We examine the grounds of appeal.

The judgment of the court below as to the point that the theory of lawsuit points out (the acquisition of a bill of commitment and the rejection of the defendant's assertion about the year of the plaintiff's year) shall be considered to be correct in light of relevant evidence and records, and there is no error of law that misleads the facts against the rules of evidence, such as the theory of lawsuit

As determined by the court below, if the non-party 1 received a blank note from the non-party 2 and supplemented it with "non-party 3" within the scope of the supplementary right conferred upon it, and then arbitrarily stated the face value and the payee as "non-party 3", and made the second endorsement with the non-party 4 as the endorsee, and then transferred it to the plaintiff with the non-party 5's own endorsement with the non-party 4 as the endorsee, the non-party 1 who transferred the promissory note is the legitimate holder at the time of transfer, the plaintiff who is the transferee shall be legally entitled to the right of the bill (see Supreme Court Decision 93Da35261 delivered on December 10, 193).
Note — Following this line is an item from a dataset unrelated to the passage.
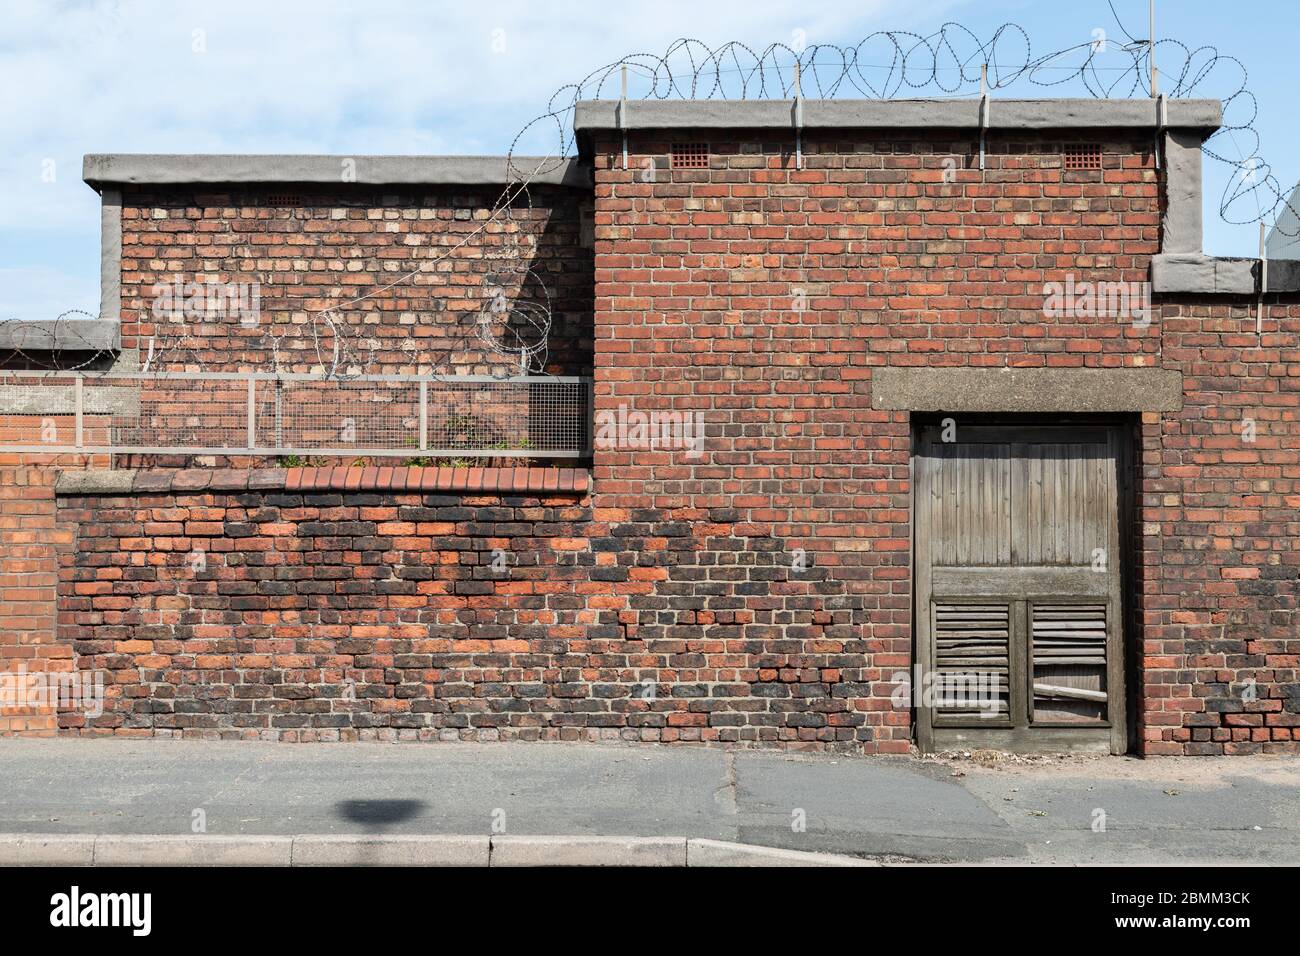 Exterior of brick building with barbed wire in Wallasey Wirral August 2019 Stock Photo

The judgment of the court below is justified, and there is no error in the misapprehension of legal principles as to the plaintiff's assertion as to the above promissory note, and there is no error in the misapprehension of legal principles as to the plaintiff's assertion of good faith in the above case.

The provisions of the Regulations on Business Operation of Mutual Aid and Finance Company and the Regulations on Loans and Discount of Bills by Mutual Aid and Finance Company, which prohibit the discount of so-called financing bills, are not only only the regulatory provisions but also not the effective provisions, and thus, the judicial effect of the acquisition of promissory notes cannot be denied even because they violated such provisions (see Supreme Court Decision 87Meu1836, Nov. 22, 198). In addition, the issuer of a financing bill is not liable for the bills against the party who received the financing bill, but also the third party who received the financing bill cannot stand up against the defense that it was issued without compensation in good faith and bad faith, barring special circumstances (see Supreme Court Decisions 79Da479, Oct. 30, 197; 93Da58721, May 10, 1994; 93Da58721, May 10, 1994).

All arguments are without merit.

Therefore, the appeal is dismissed, and the costs of appeal are assessed against the losing party. It is so decided as per Disposition by the assent of all participating Justices on the bench.